Major advances in this area include the development of a cardiopulmonary bypass support system via peripheral access. The application of suction to the venous drainage has made possible aortic valve and mitral valve surgery via partial sternotomy and minithoracotomy. An earlier breakthrough device in this field was the HeartPort system (developed by Stanford University and New York University Hospital in 1994) which was composed of peripheral vessel-based cardiopulmonary bypass perfusion, an endo aortic balloon occlusion catheter, transvenously placed venting and cardioplegia cannulas, and extra-long operating instruments. Though its early use proved impractical in most cardiac operations, its potential to be less invasive has significantly changed cardiac surgeons’ and medical engineers’ perception of future technologies. Furthermore, the concept of the HeartPort system led to numerous other technological modifications and innovations in the field of less invasive cardiac surgery. Such innovations include: (1) the development of small caliber multistage peripheral venous cannula, (2) the safe application of vacuum-assisted venous drainage to ensure bloodless exposure inside heart, (3) the small thin blade minithoracotomy retractor and atrial retractor, (4) development of the Chitwood aortic cross-clamp, (5) thoracoscopy or endoscopic robotics to assist in the mitral valve repair or replacement, and (6) liberal use of transesophageal echocardiography to guide the insertion of various intracardiac cannulas.

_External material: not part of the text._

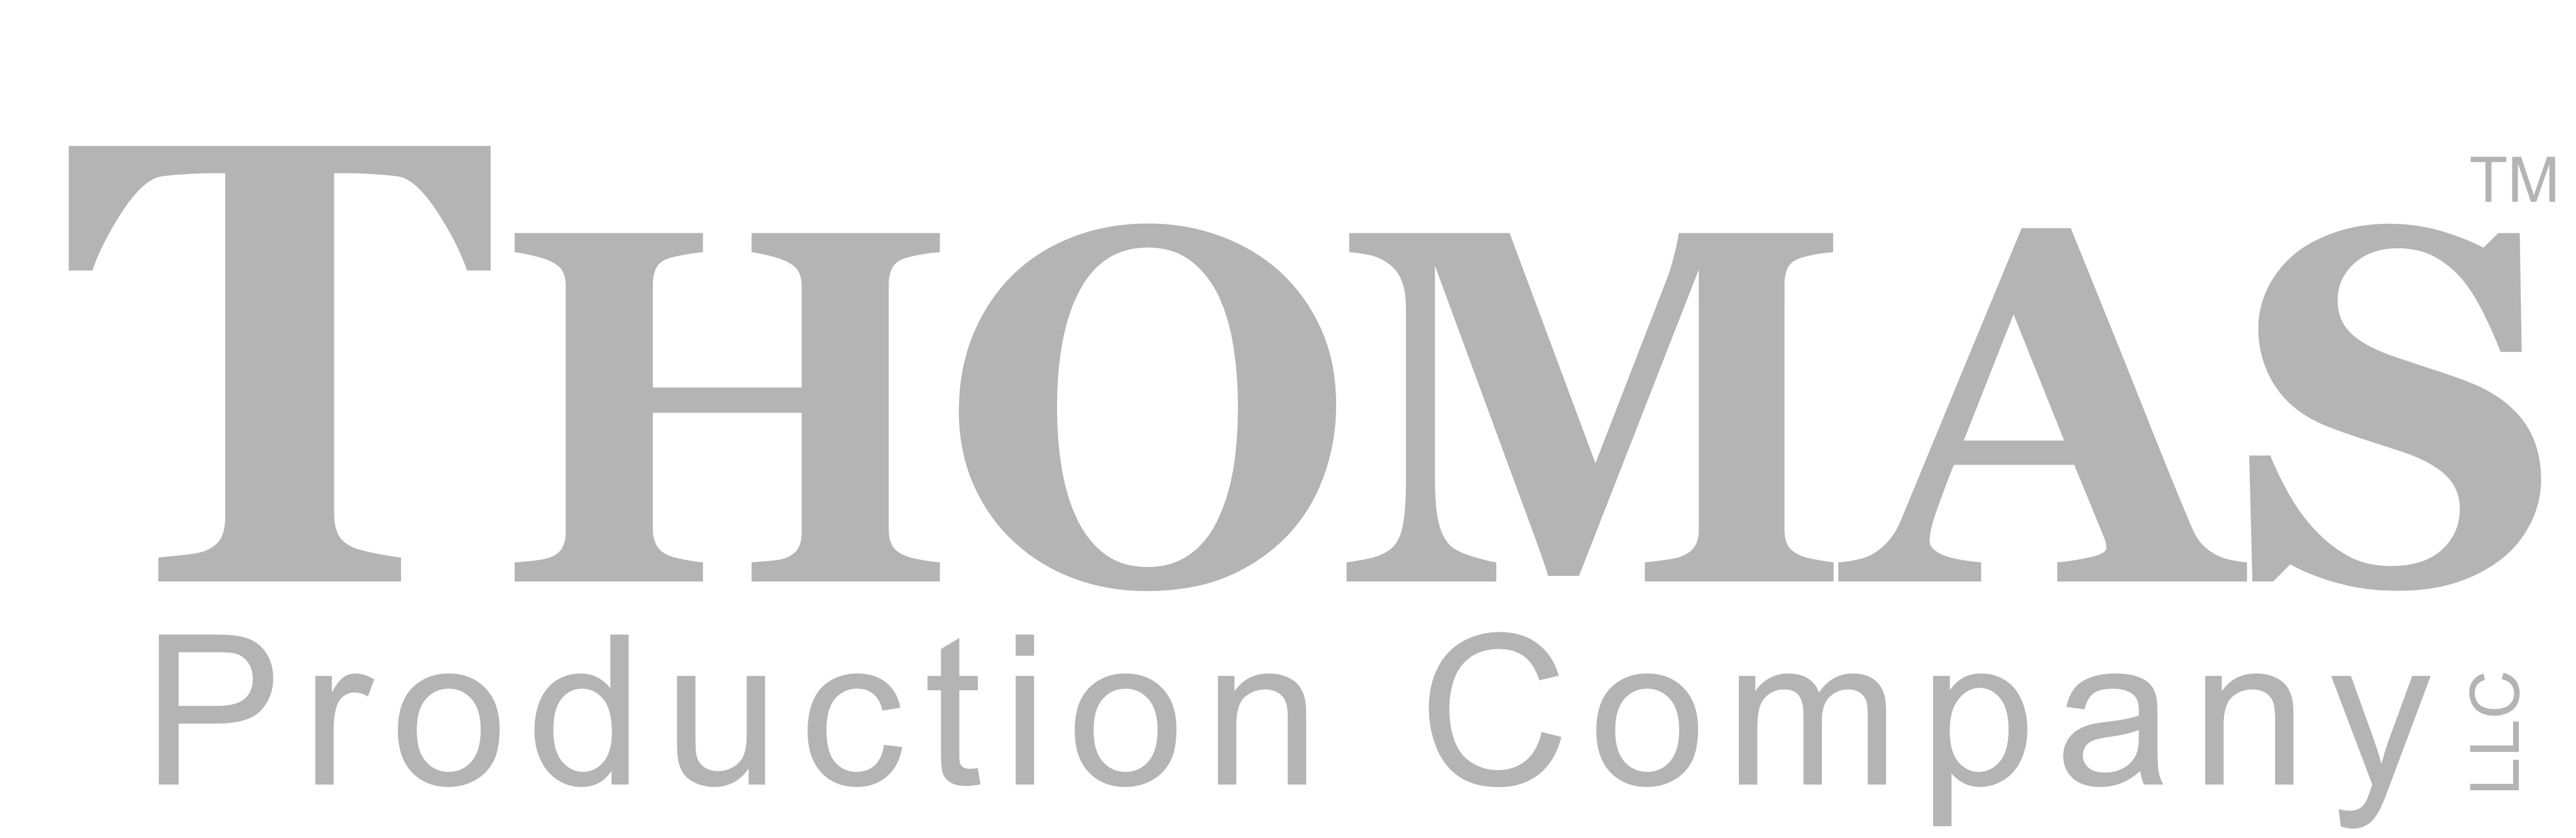 Thomas Production Company logo
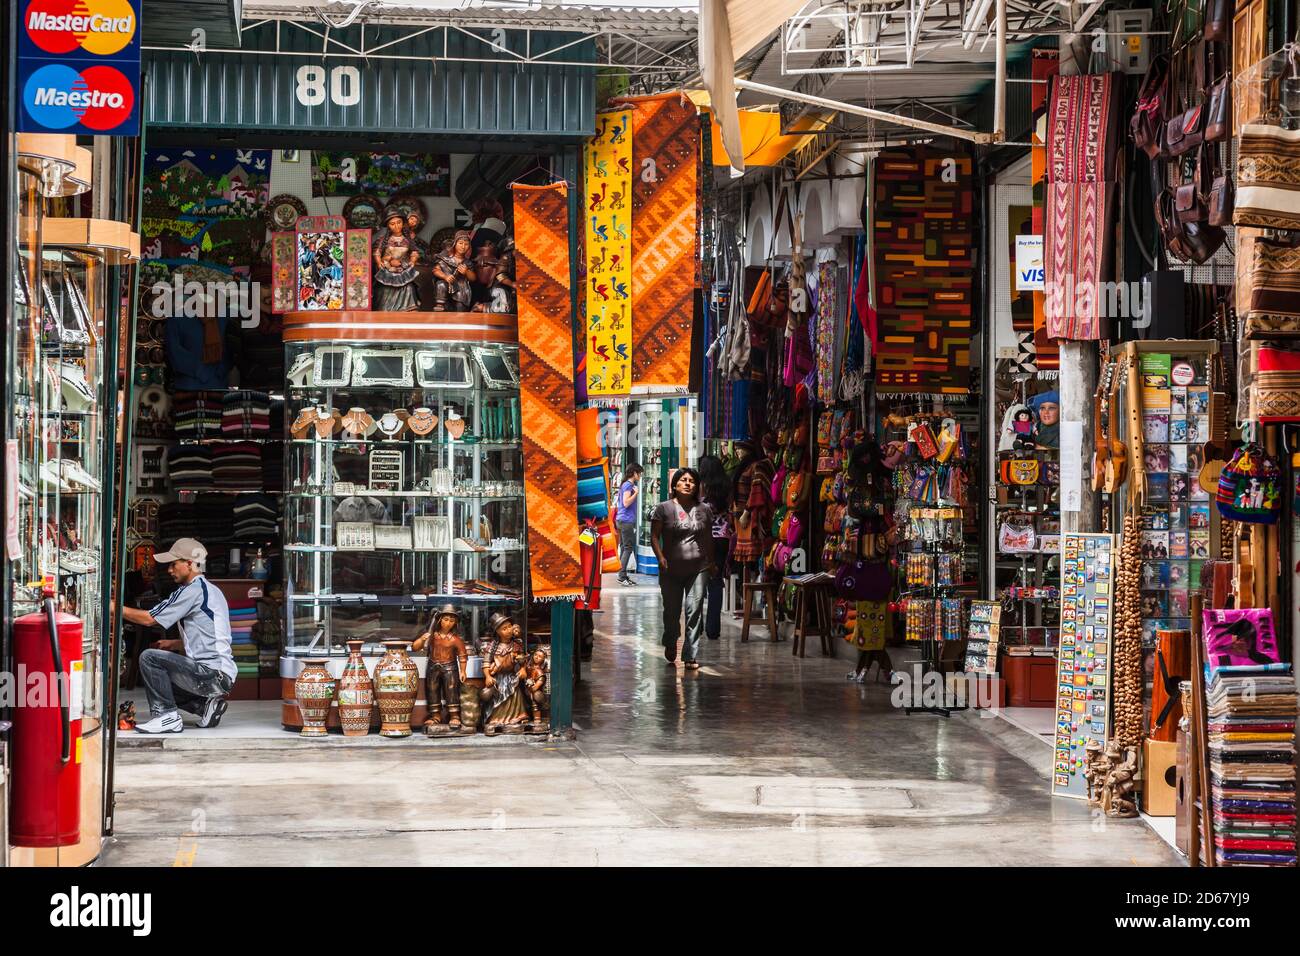 Boutique de souvenirs péruviens, 'Inka Plaza', Miraflores, Lima, Pérou, Amérique du Sud Banque D'Images

New instruments have also been developed to position the heart and to stabilize and improve the visualization of target arteries. For example, an available left ventricle suction device applies −400 mmHg suction to the left ventricular apex and can hold the heart up in different positions. Now widely used in OPCABG surgery, this device has less of an effect on the venous return as compared with the old “suture retraction” technique. Similarly, a focal myocardial stabilization device has been developed to stabilize segments of target arteries; it has both suction and compressing effects on the topical epicardial tissue and thus significantly decreases the motion of target arteries (Fig. 35.9). An additional noteworthy device is the temporary intracoronary plastic shunt that can be inserted via arteriotomy to maintain blood flow to the distal myocardium during anastomosis, thus avoiding or minimizing ischemia time. Importantly, the use of such a shunt is considered to be crucial when the target artery supplies a large territory of myocardium. In order to facilitate the distal coronary anastomosis during OPCABG, especially in the anatomically difficult-to-reach areas, two innovative distal coronary artery anastomotic devices, C-PortxA (for the open sternotomy approach) and C-Port Flex A™ (for the minithoracotomy or endoscopic robotic approach) (Cardica Inc., Redwood City, CA, USA), were developed and recently approved for clinical use by the FDA. It should be noted that although the early clinical results of such devices are encouraging [22], their clinical adaption has been lackluster.

Different proximal anastomotic devices or hand-sewn facilitators have been developed and used to avoid clamping on the aorta during OPCABG surgery. Unfortunately, the clinical performance of most of these devices has been unsatisfactory, resulting in denial of FDA approval or termination of the products after FDA approval, i.e., the previously FDA-approved symmetry (St. Jude Medical, St. Paul, MN, USA) automated proximal connector being one example.